2/2 NY new lows 338 (Friday, dow down -666 points)
2/1 NY new lows 131
1/31 NY new lows 114
1/30/ NY new lows 251
1/29 NY new lows 204, the warning signal
Disclaimer: I am not an investment advisor. This is just my opinion NOT investment advice.
Which, now that the ETN appears fated for termination, is suddenly a very big problem for Credit Suisse since according to the latest public filings, the Swiss bank owned 4.79 million units, or over $550 million, worth of XIV at yesterday's close of $115.55, and roughly $480 million less at today's after hours closing tick of $15.43. Of course, if the ETN is redeemed - and with its NAV at $4.22 according to the VelocityShare website - the loss could be total.

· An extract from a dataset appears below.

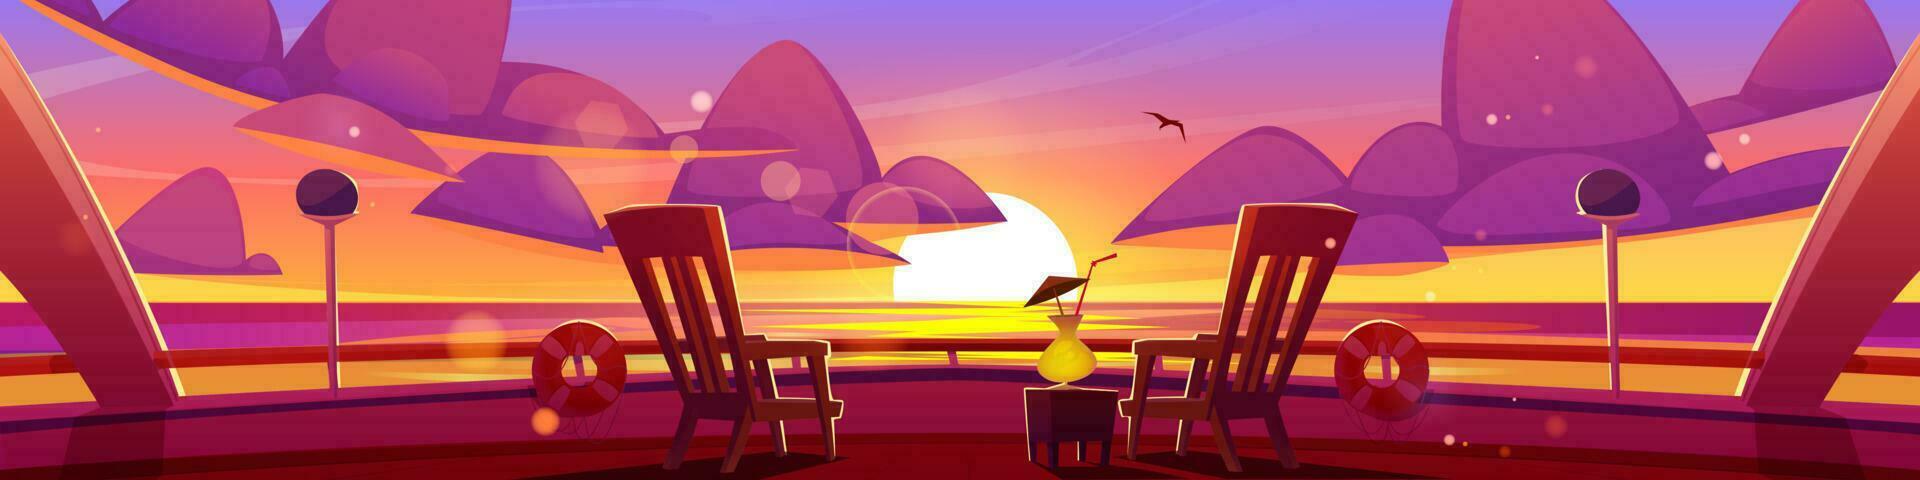 Sunset sea view from cruise ship deck cartoon vector

The ETNs are the “patient zero” of this current market meltdown. It is estimated that there was anywhere from ~$125mm to $200mm of vega / VIX futs to BUY on the close from the two main “short VIX” ETNs that rebalance daily (XIV and SVXY). As S&P traded -50 handles AFTER the cash close from 4:00pm to 4:15pm into the market’s anticipation of the massive rebalancing of volatility (buy to cover) on the close, XIV then saw a delayed and terrifying ~-87 PERCENT move after the close, as some who owned XIV puts as crash protection sniffed this potential and speculated liquidation from the ETN, which is set per a rules-based system to buy back short vega after an 80% “crash trigger”(which again isn’t a certainty because they use a blend of 1st and 2nd month). The asset pool nonetheless was seemingly / largely wiped-out and the note is guaranteed to “pay out” to their shareholders as set per their prospectus. It is likely that this thing has indeed been “triggered” and will be forced to liquidate. SVXY doesn’t have the firm 80% “trigger” but too is seeing its NAV “wiped out” and is trading ~-80% post-close as well.
The issue NOW is the pile-on going-forward across assets, as the systematic “short vol” community’s models are now completely toast, and they too will be forced to cover remaining “short vol” positions that didn’t trade today—i.e. BE PREPARED FOR A MAJOR VIX FOLLOW-THROUGH TOMORROW.